Establishment and characterization of malignant rhabdoid tumor of
the kidney.Oncol
Rep. 2001 Jan-Feb;8(1):43-8.
Malignant
rhabdoid tumor of the kidney (MRTK) is a highly aggressive tumor
which occurs in childhood and which is histologically
characterized by the existence of eosinophilic intracytoplasmic
inclusions. We established and characterized a cell line from this
tumor with histological, immunohistochemical and cytogenetical
analysis. Histologically, the tumor cells demonstrate typical
eosinophilic inclusions, while immunohistochemically the cells
demonstrate common mesenchymal and epithelial differentiation.
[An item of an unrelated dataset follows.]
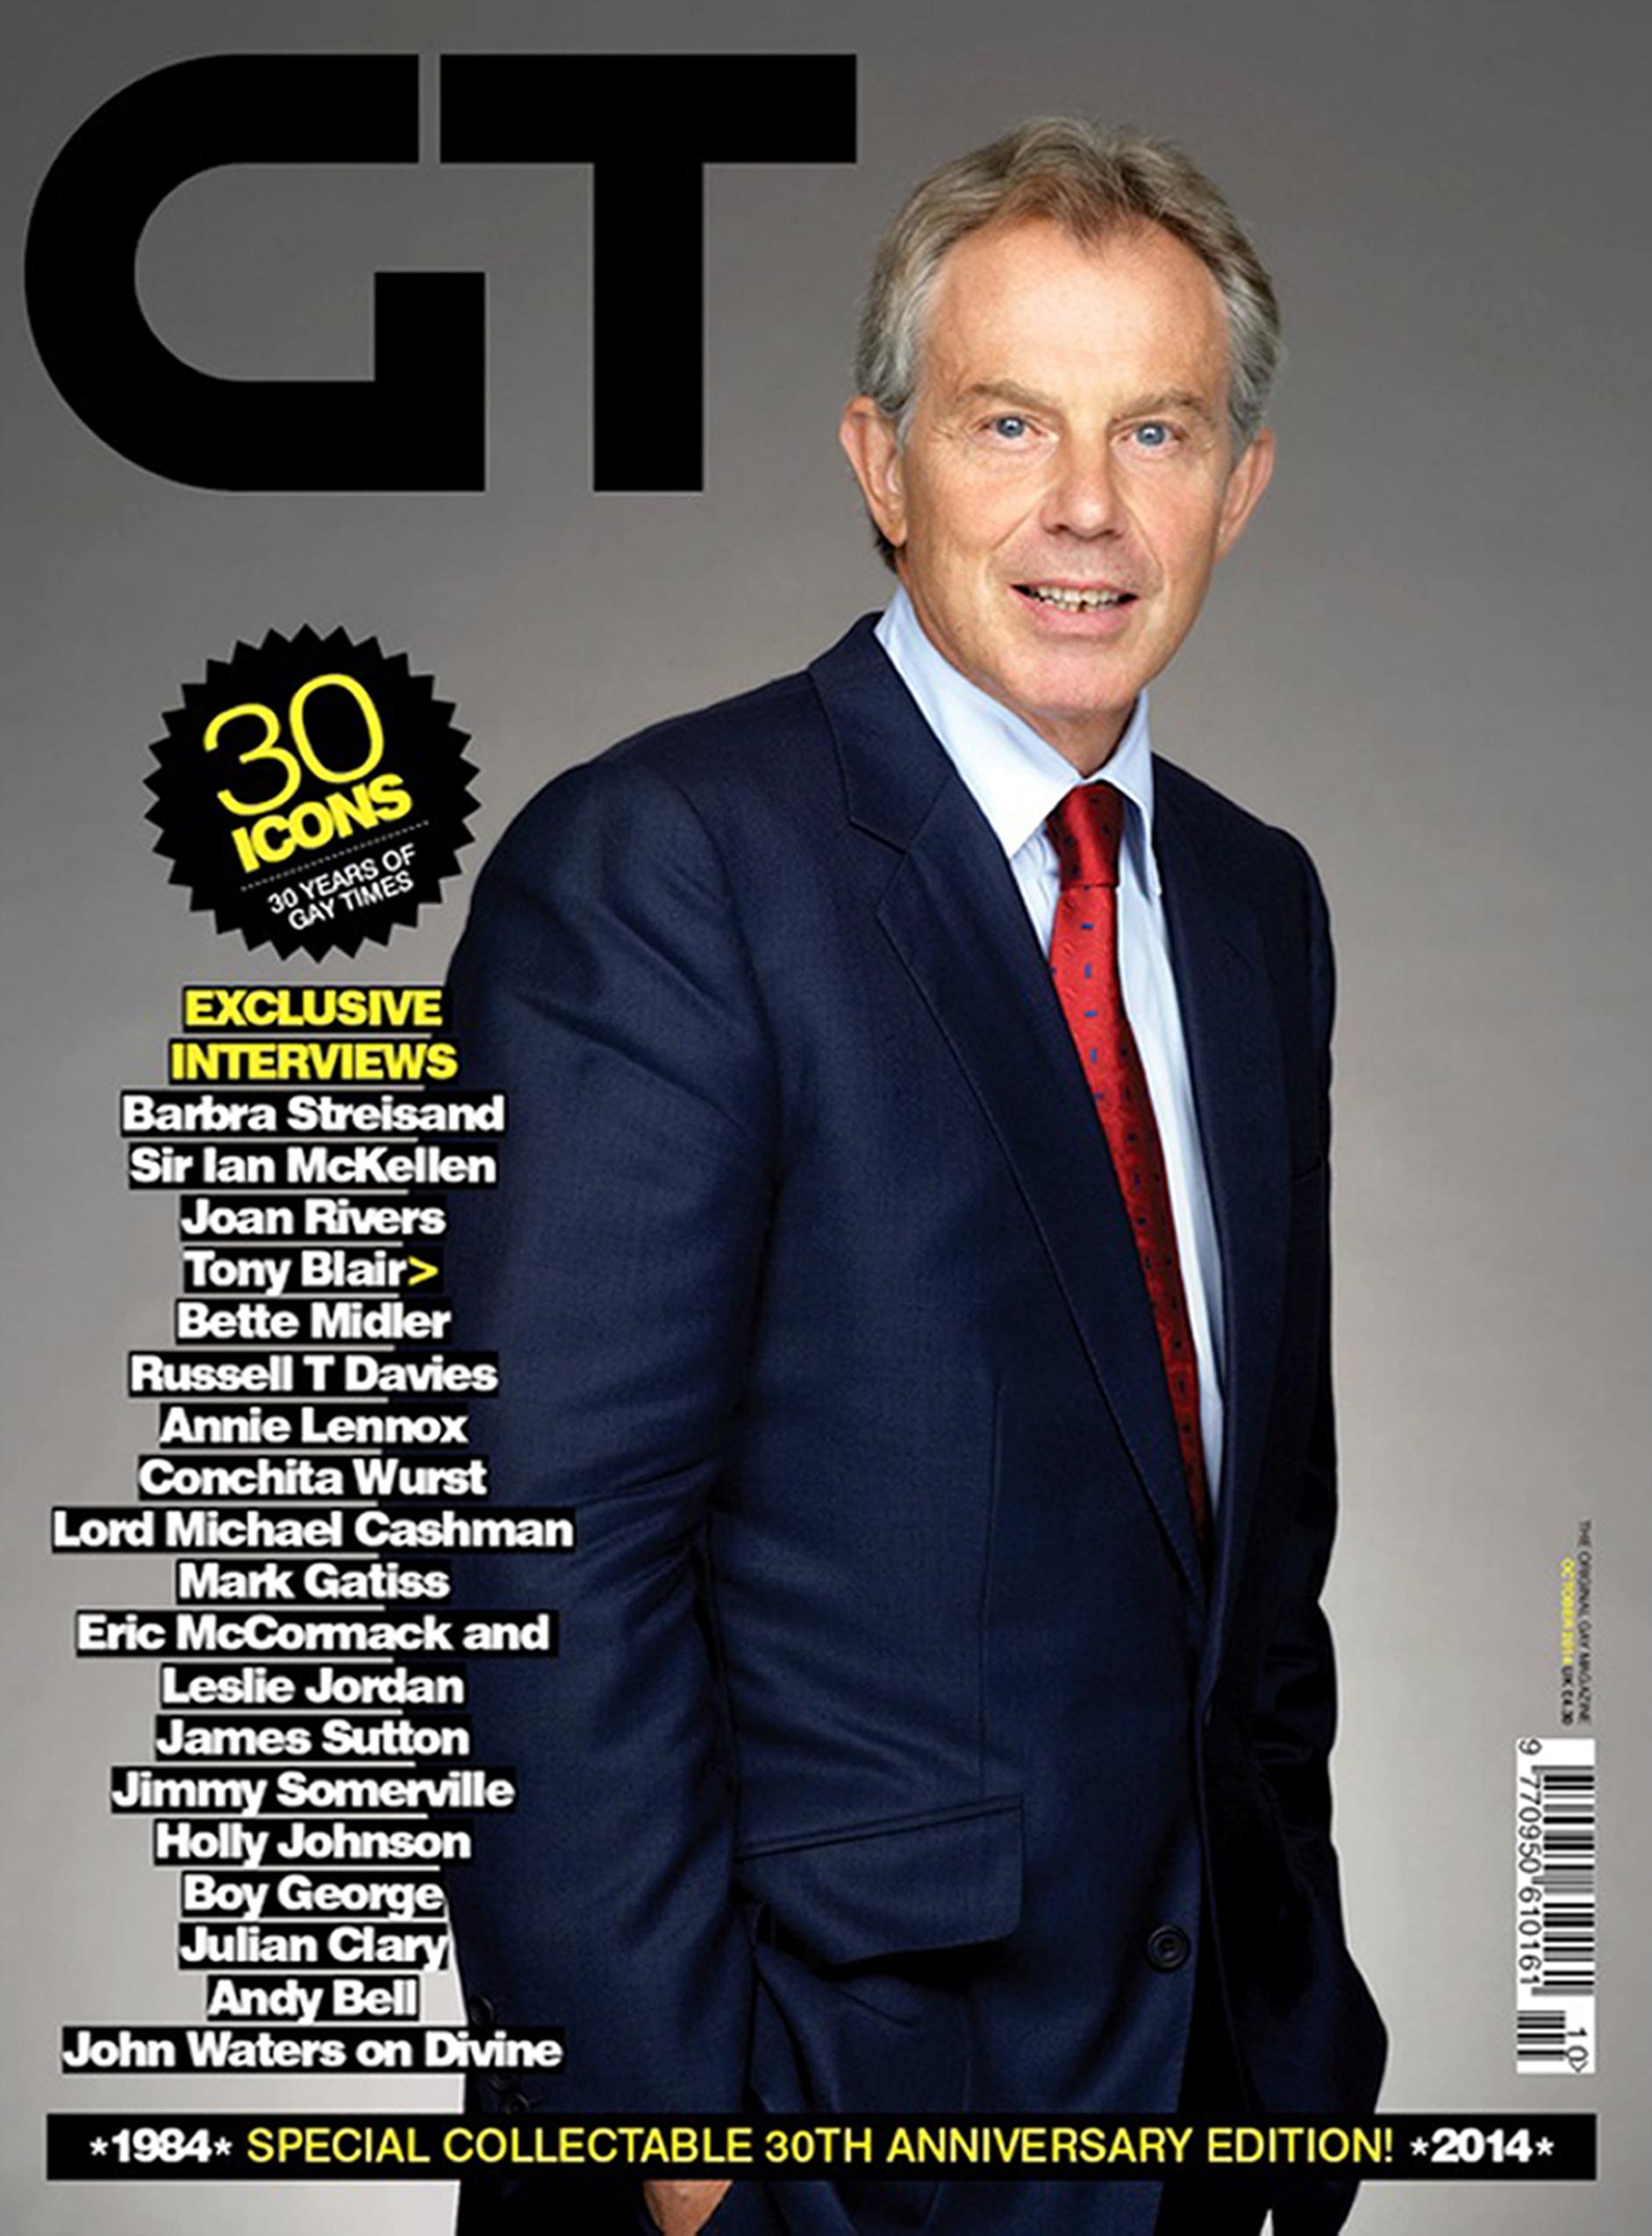 Tony Blair named top gay icon Gay Times

Although the conventional karyotyping of this tumor lacked the
abnormalities of 22q chromosome, Southern blot analysis and
microsatellite analysis verified abnormalities of the BCR gene and
of the hSNF5/INI1 gene. Despite the variety of locations, these
common genetic abnormalities appear to contribute to distinguish
rhabdoid tumor from such other small round cell tumors as
primitive neuroectodermal tumor, rhabdomyosarcoma, poorly
differentiated synovial sarcoma and desmoplastic small round cell
tumor.
Malignant
rhabdoid tumor: A phenotype? An entity?--A controversy revisited.:
Adv Anat Pathol.
2000 May;7(3):181-90.
The
term malignant rhabdoid tumor (MRT) has been used to describe a
heterogeneous group of neoplasms, having in common distinct
so-called "rhabdoid" cytologic features. The recent discovery of a
candidate tumor suppressor gene for MRT, INI1 on chromosome
(Ch)22q11.2, has re-established this neoplasm as a distinct
entity. Malignant rhabdoid tumor may arise either de novo from
nonneoplastic cells or through tumor progression from other types
of neoplasms. These latter tumors, in which other nonrhabdoid
tumor components are identified, may be termed composite MRT. In
order to avoid misdiagnosing MRT as other types of neoplasia, one
must keep in mind three distinct clinicopathologic features--young
age of onset, variable histologic and immunohistochemical
patterns, and an aggressive infiltrative character. In difficult
cases, cytogenetics, fluorescence in situ hybridization (FISH),
and molecular genetic analysis may assist in diagnosing MRT.
Rhabdoid tumor
of kidney. A report of 111 cases from the National Wilms' Tumor
Study Pathology Center.Am
J Surg Pathol. 1989 Jun;13(6):439-58.
We review 111
cases of rhabdoid tumor of kidney (RTK), including 79 entered on
the National Wilms' Tumor Study (NWTS). Median age at diagnosis
was 11 months, with a range from 0 to 106 months. The male:female
ratio was 1.5:1. Gross features included a characteristic
involvement of perihilar renal parenchyma. A wide histological
spectrum was encountered, including nine major morphological
patterns (classical, epithelioid, sclerosing, lymphomatoid,
histiocytoid, etc.). These appearances invite confusion with other
renal neoplasms. Ultrastructural studies were performed in 20
cases; immunocytochemical studies were performed in 11. Vimentin
was demonstrated in all tumors; epithelial membrane antigen was
seen in 7. Nonspecific decoration of cytoplasmic inclusions by a
variety of immunostains was found in several cases. Several
findings suggested that RTK might arise from primitive cells
involved in formation of the renal medulla. There was no evidence
of a histogenetic relationship to Wilms' tumor, although RTK may
overlap with mesoblastic nephroma and clear cell sarcoma. Of the
70 NWTS patients with adequate follow-up, 56 (80%) have died.
Every patient presenting with distant metastases died, whereas 10
of 20 with negative nodes survived. Survival rates were higher for
girls (56.3% versus 11.1%). None of the histological variables had
independent prognostic significance.